[EXERCISE PROMPT] The data below is to be written out exactly, with no pictures.

[INPUT DATA]
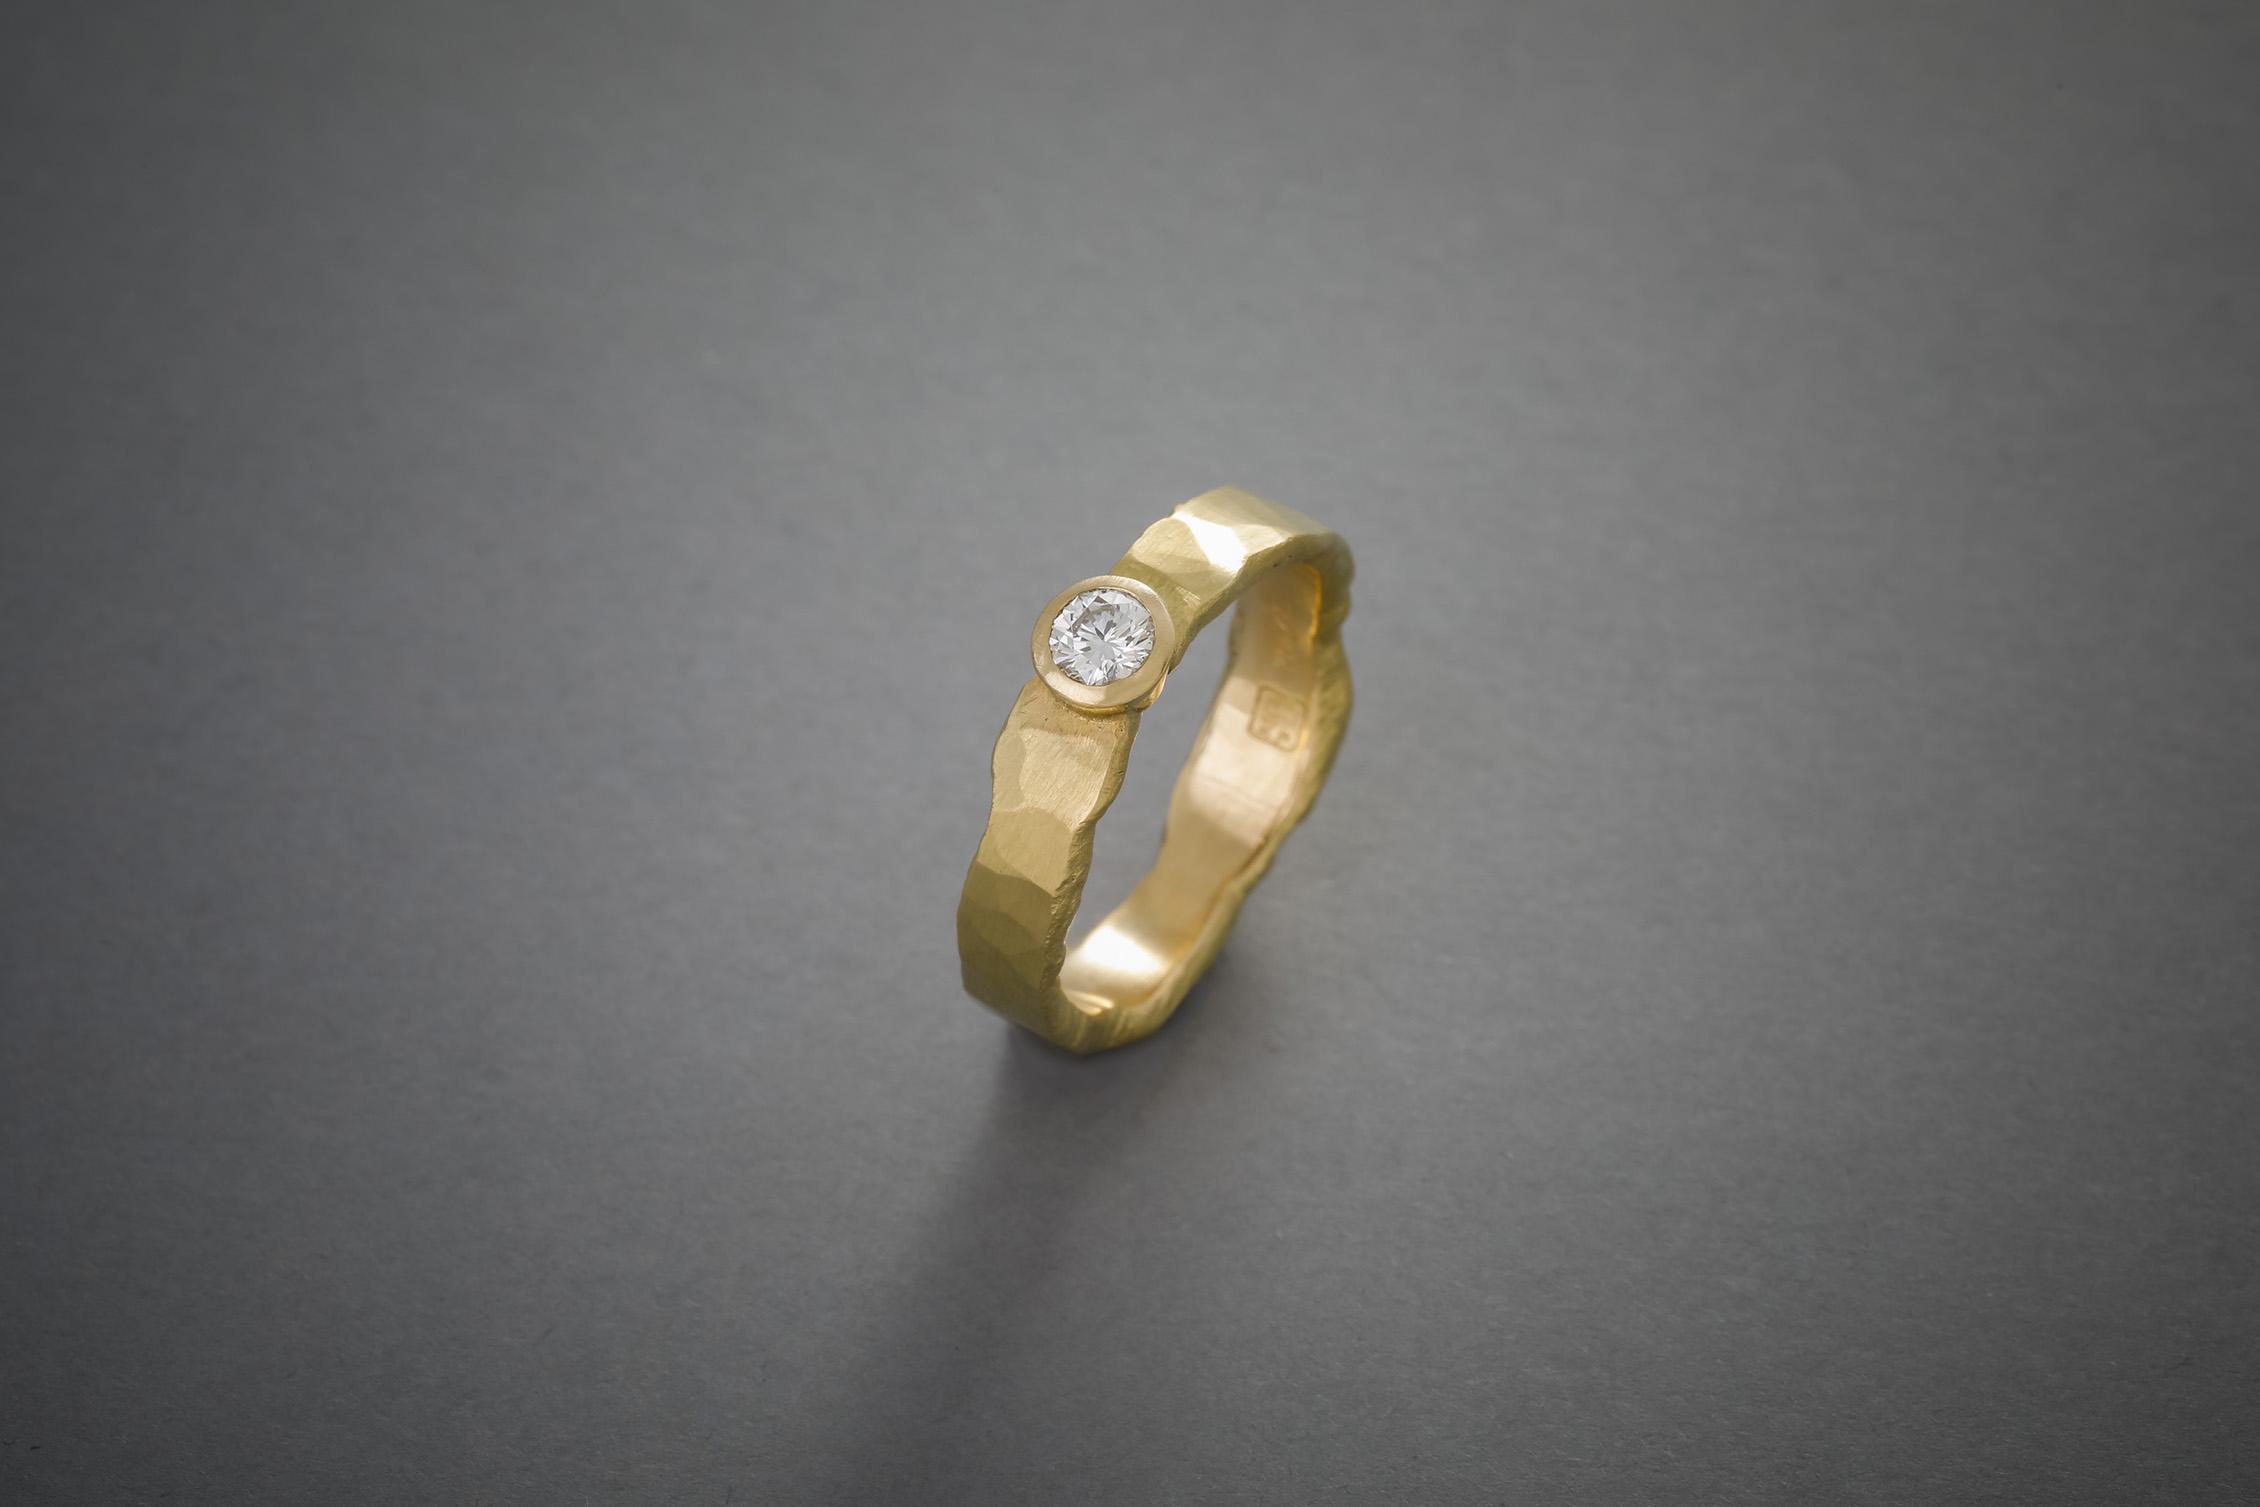 045 18kt Goldring, Brillant, ab € 1628,-
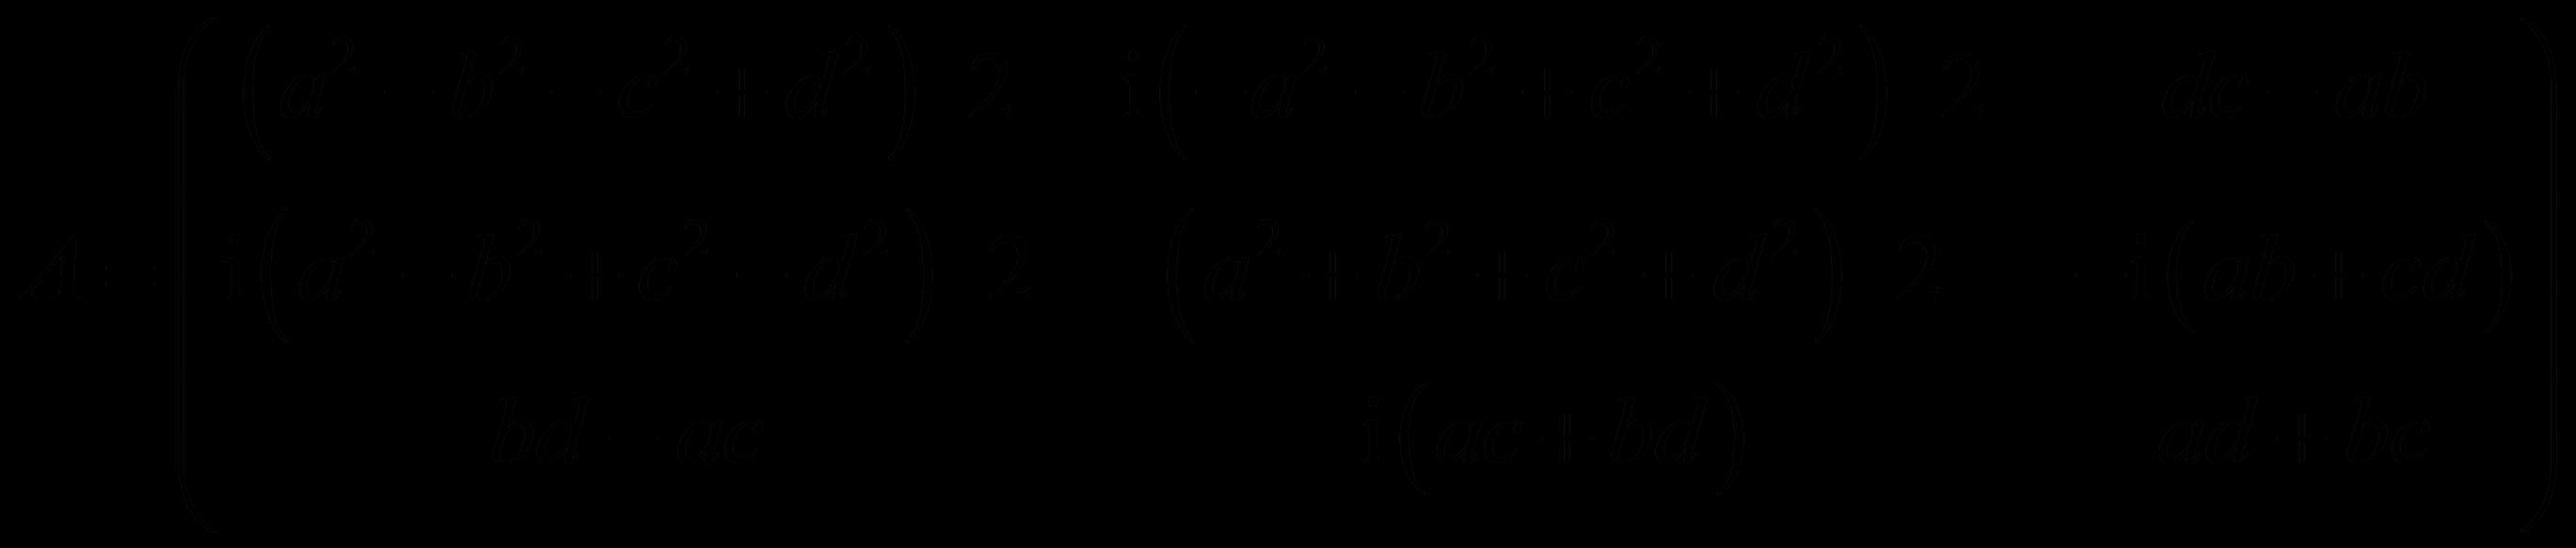 CK4.png
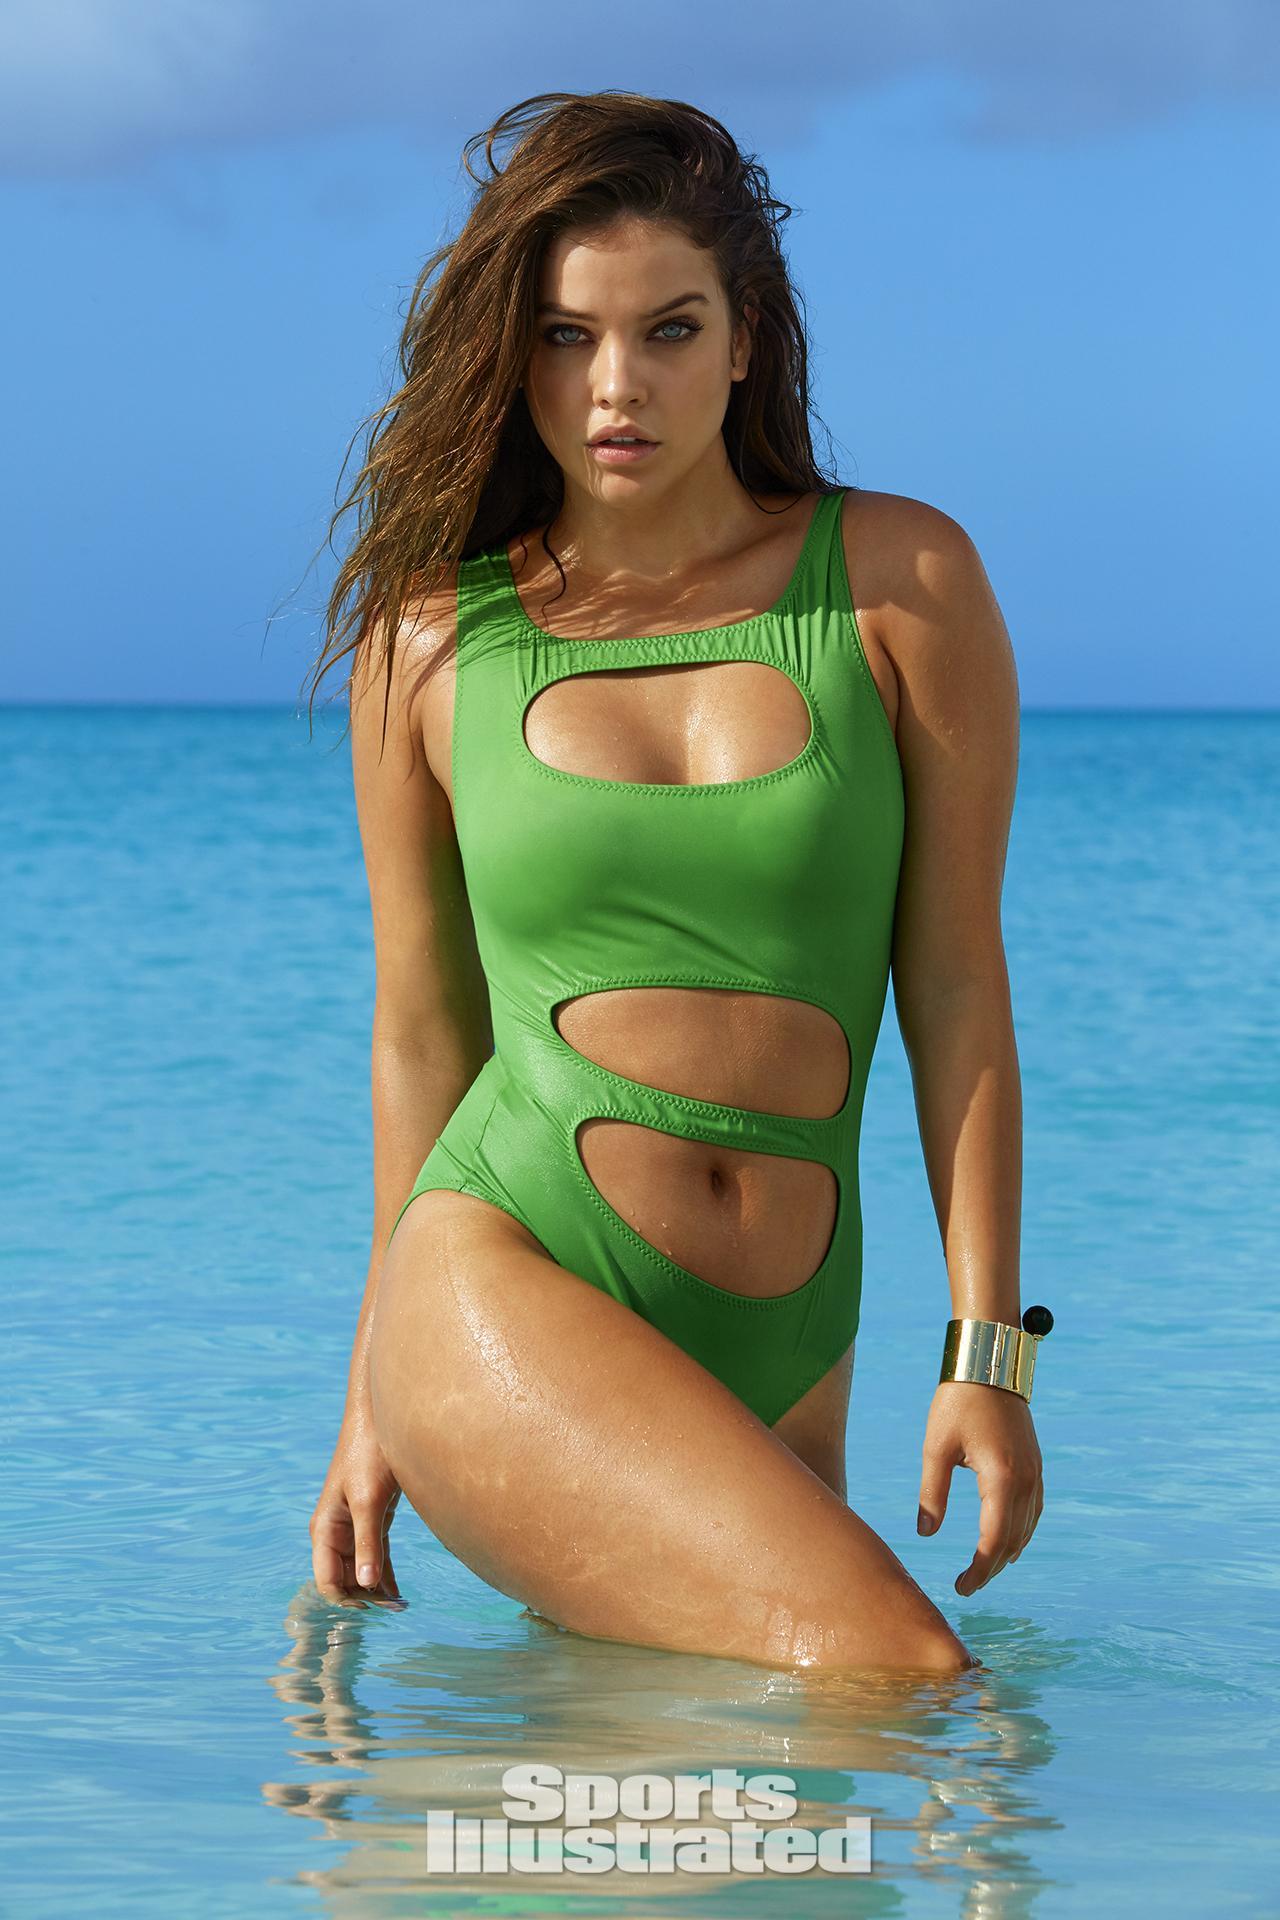 Barbara Palvin Swimsuit Photos, Sports Illustrated Swimsuit 2016

[FINISHED TASK]
 045 18kt Goldring, Brillant, ab € 1628,-
 CK4.png
 Barbara Palvin Swimsuit Photos, Sports Illustrated Swimsuit 2016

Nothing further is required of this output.